SUPPLIED MATERIAL
"""
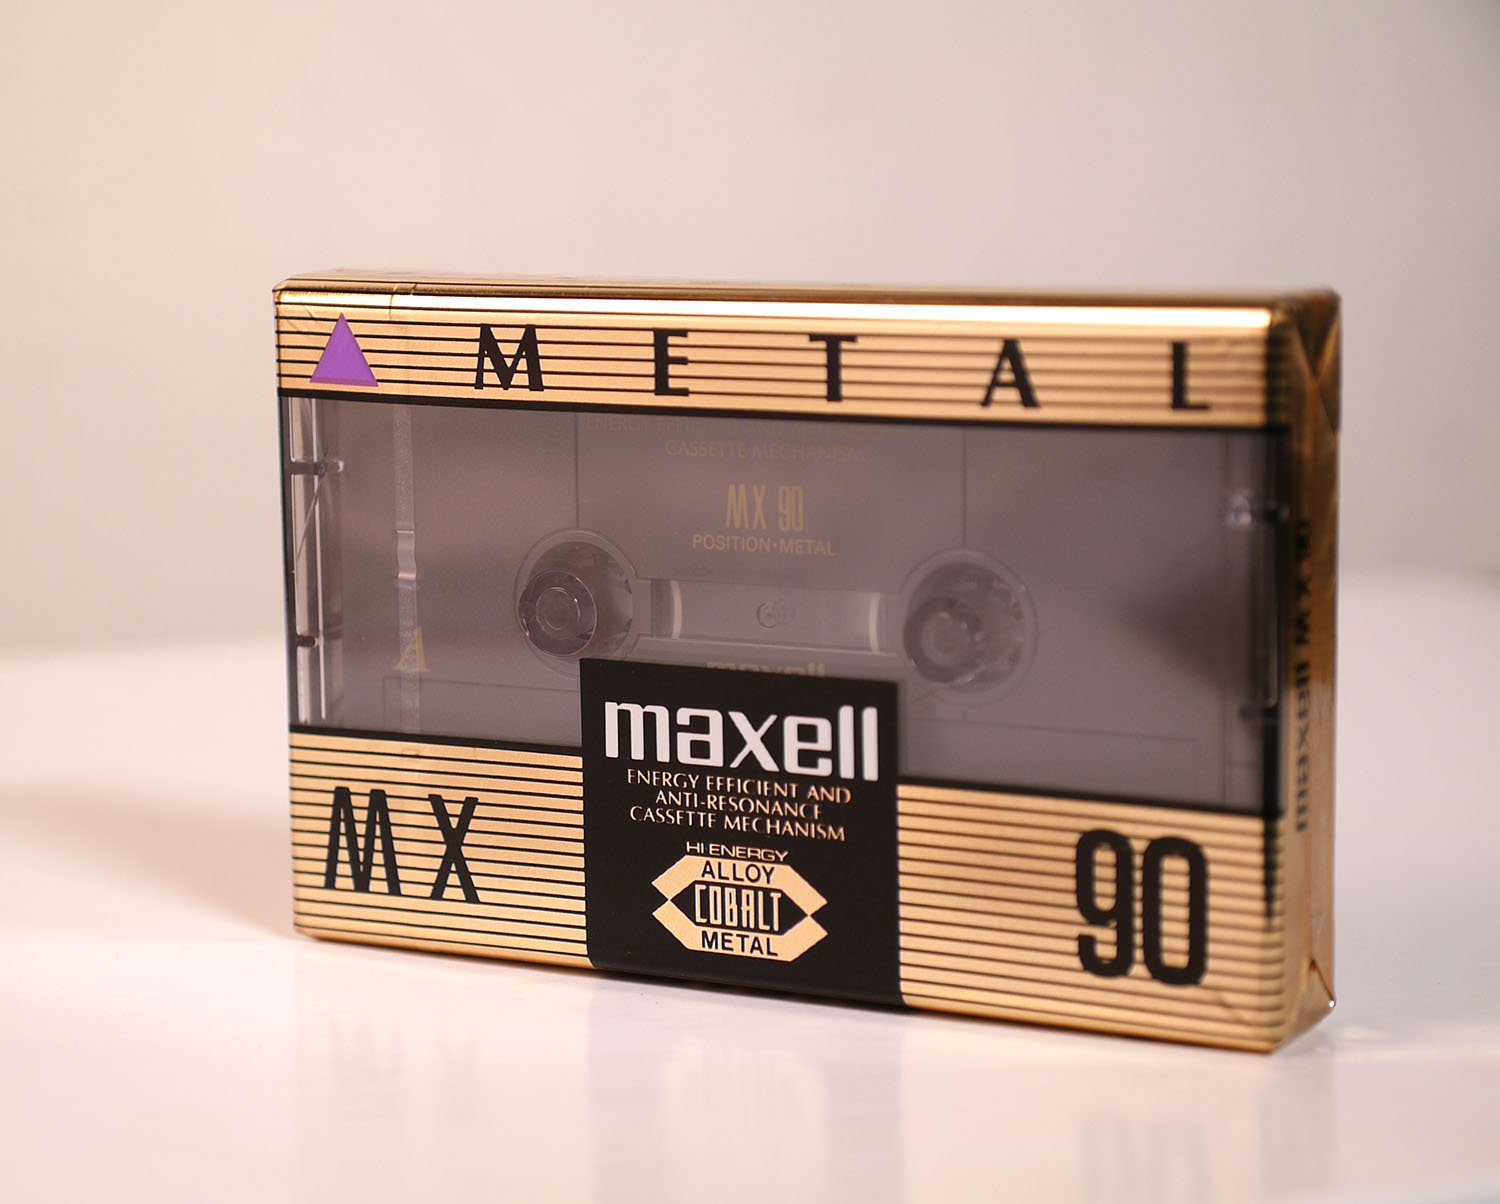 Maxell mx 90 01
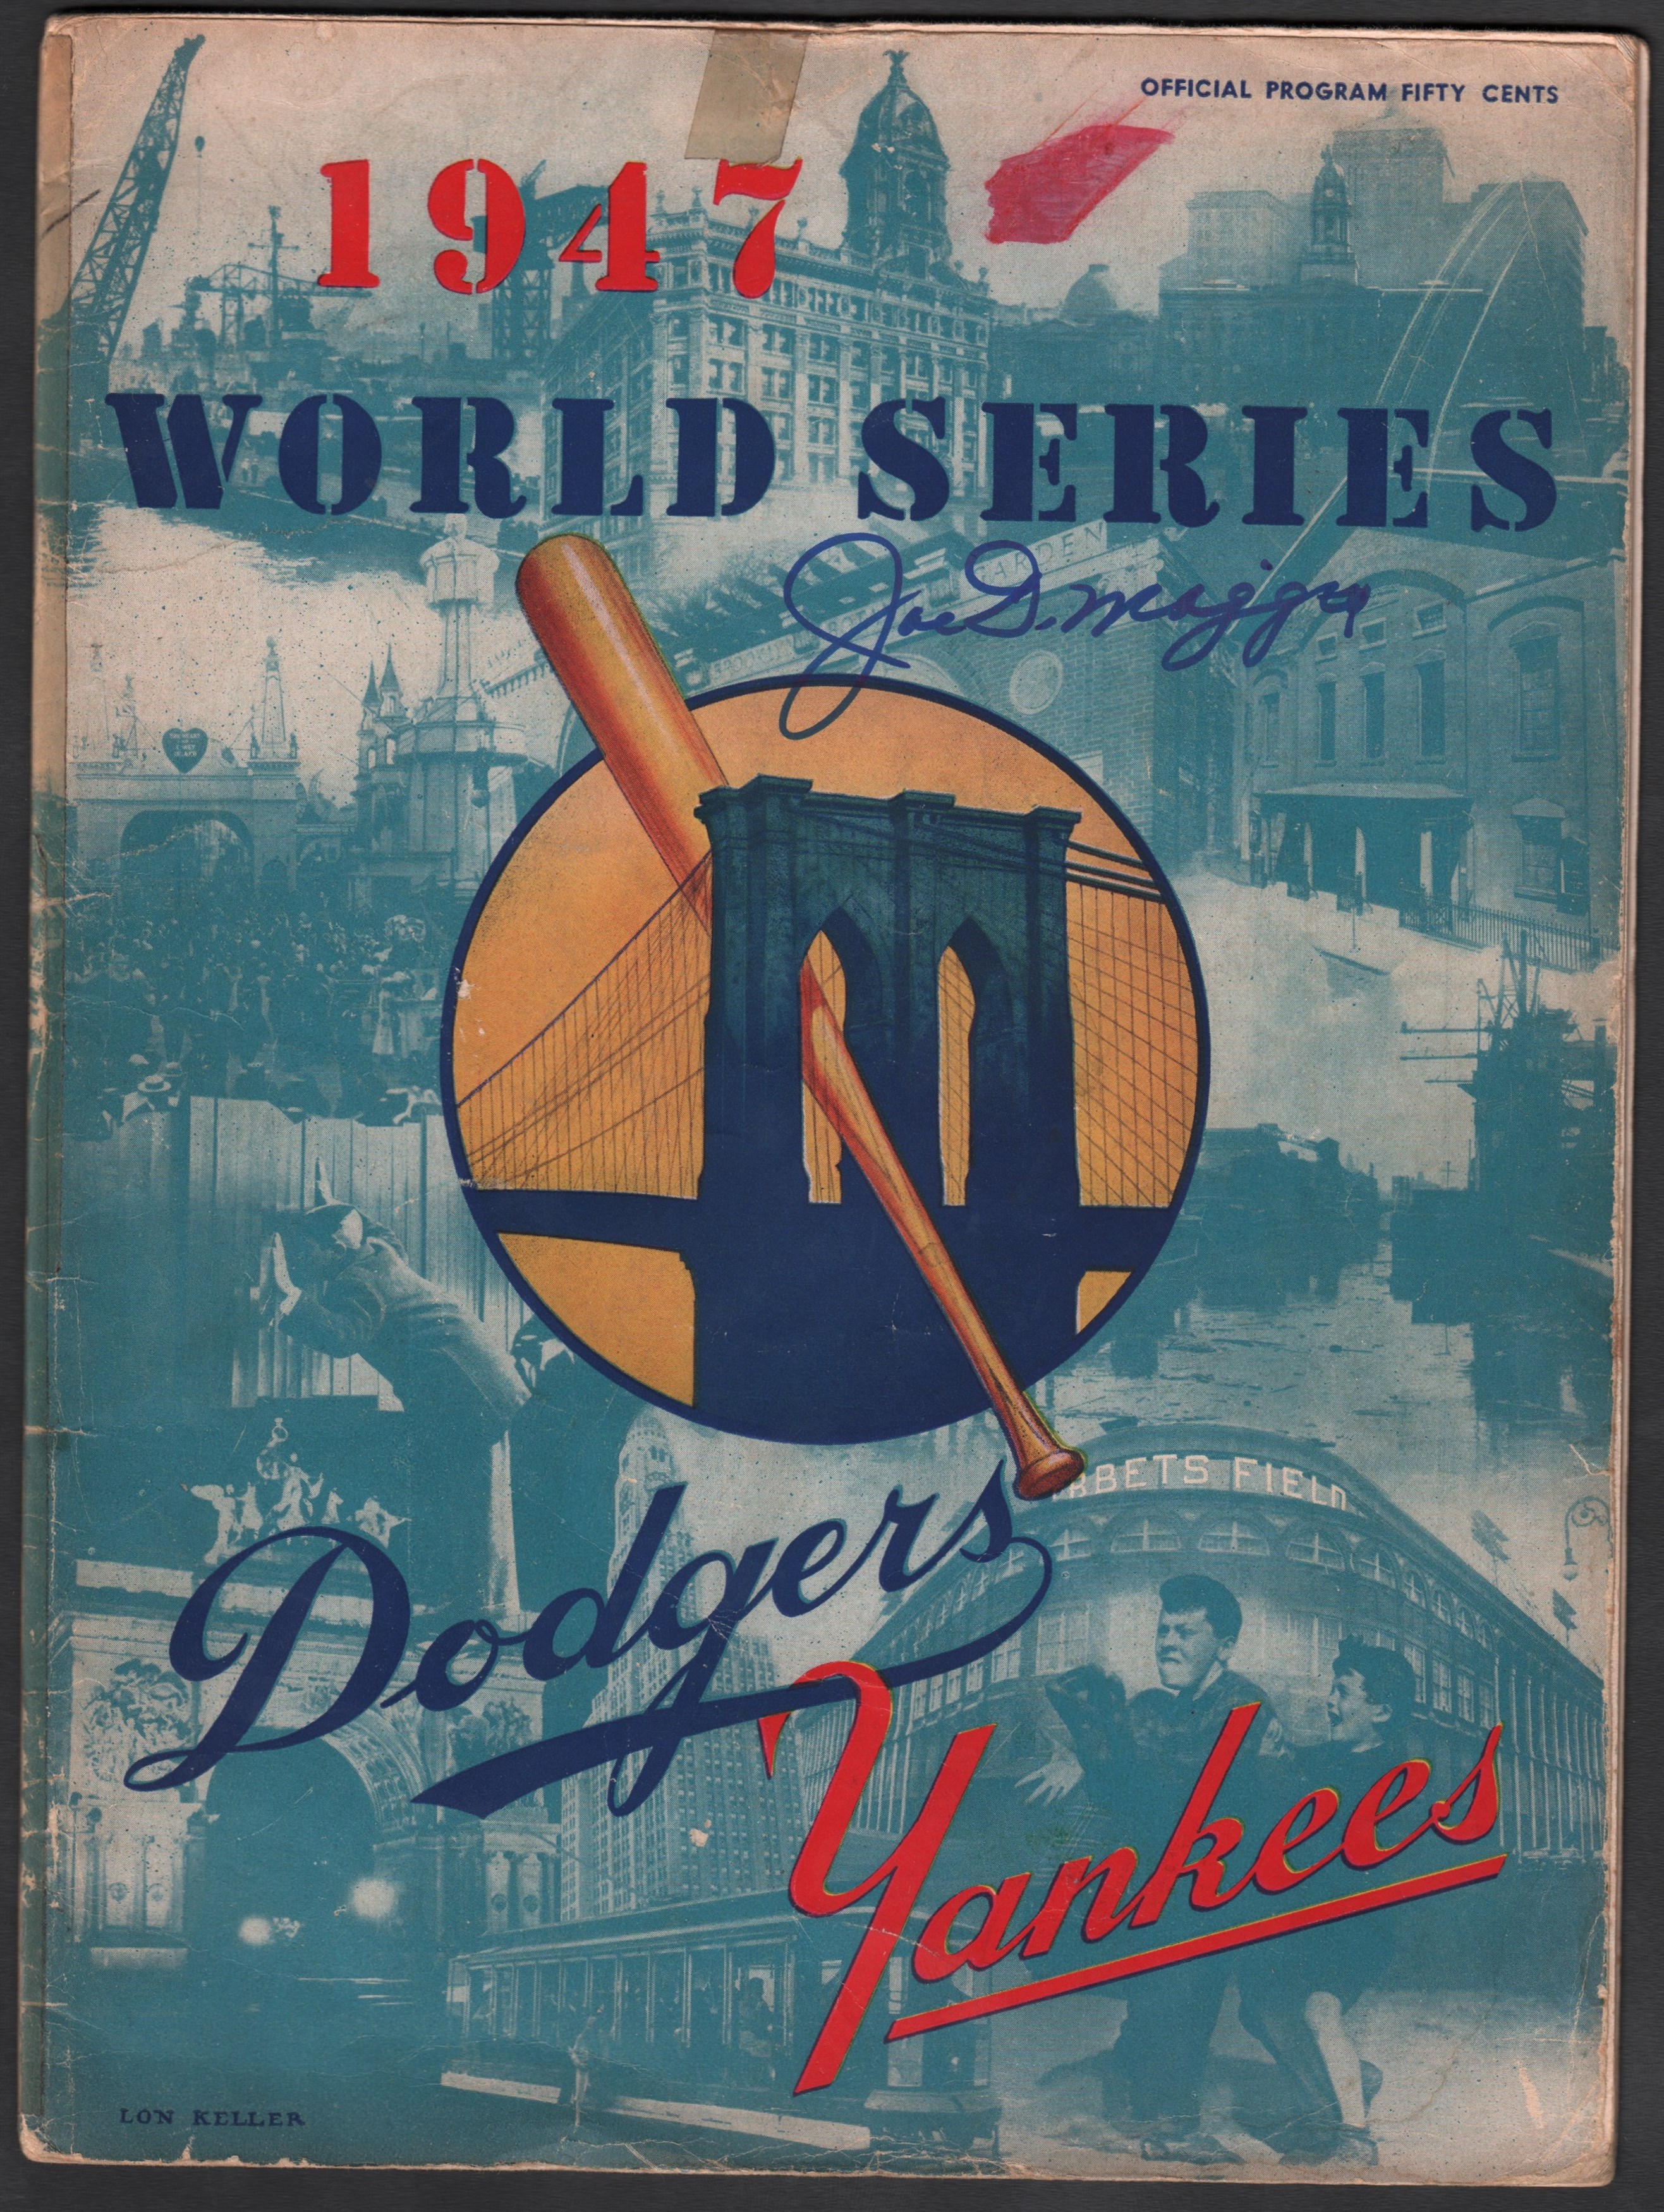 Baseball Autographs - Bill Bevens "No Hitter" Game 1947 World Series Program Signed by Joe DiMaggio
"""
"""
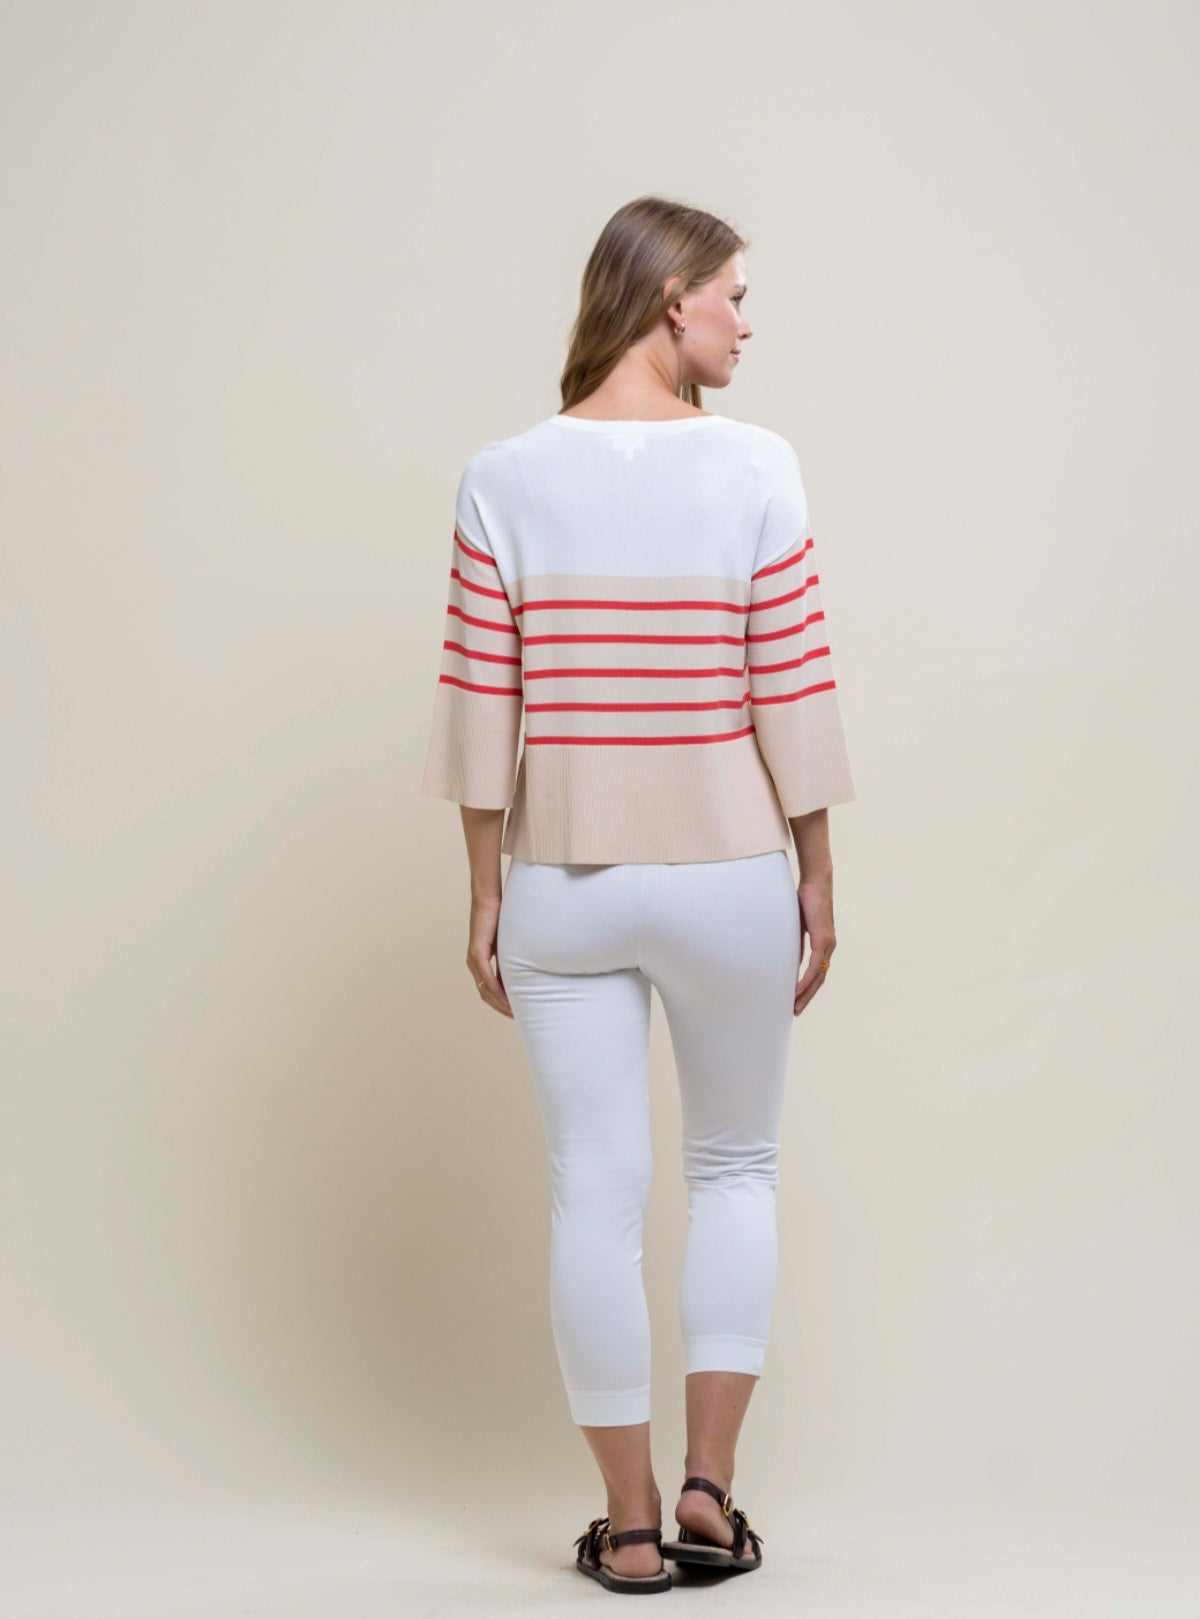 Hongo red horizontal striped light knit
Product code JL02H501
"""
"""
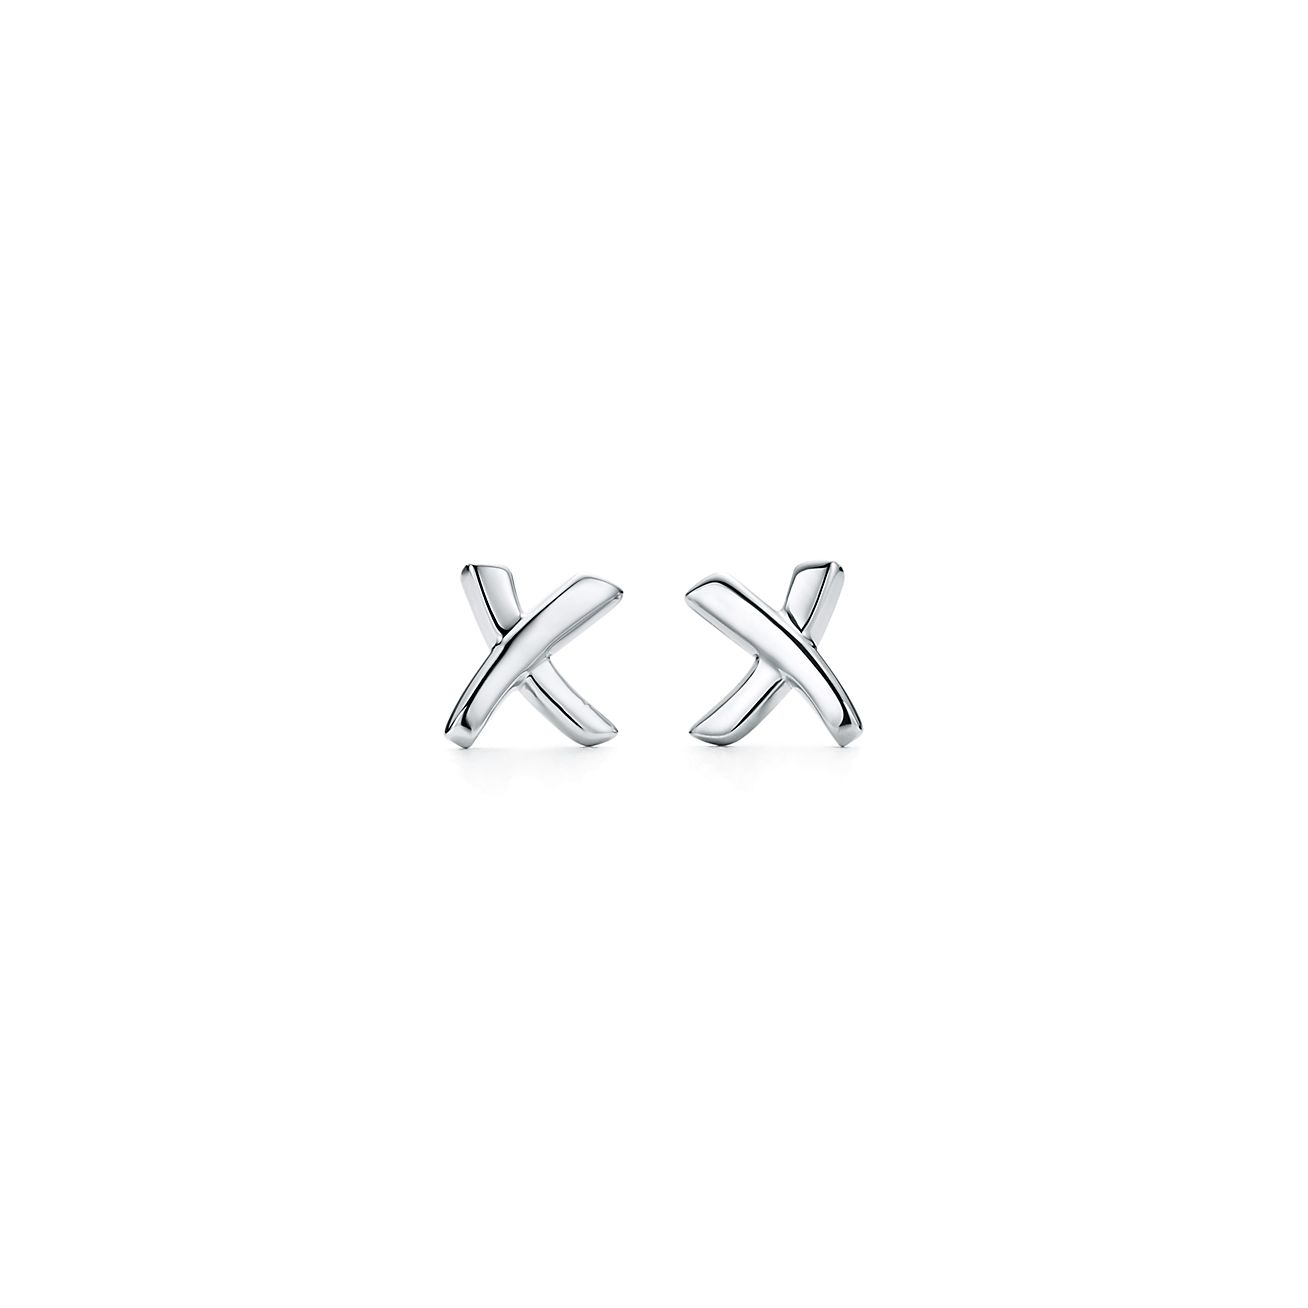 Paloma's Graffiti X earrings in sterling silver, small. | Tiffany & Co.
"""
EXERCISE GOAL
Go down the entries above from the line containing "Hongo red horizontal striped light knit" to the line containing "Product code JL02H501" and write out each line exactly, leaving pictures out.

OUTPUT FOR THIS TASK
 Hongo red horizontal striped light knit
Product code JL02H501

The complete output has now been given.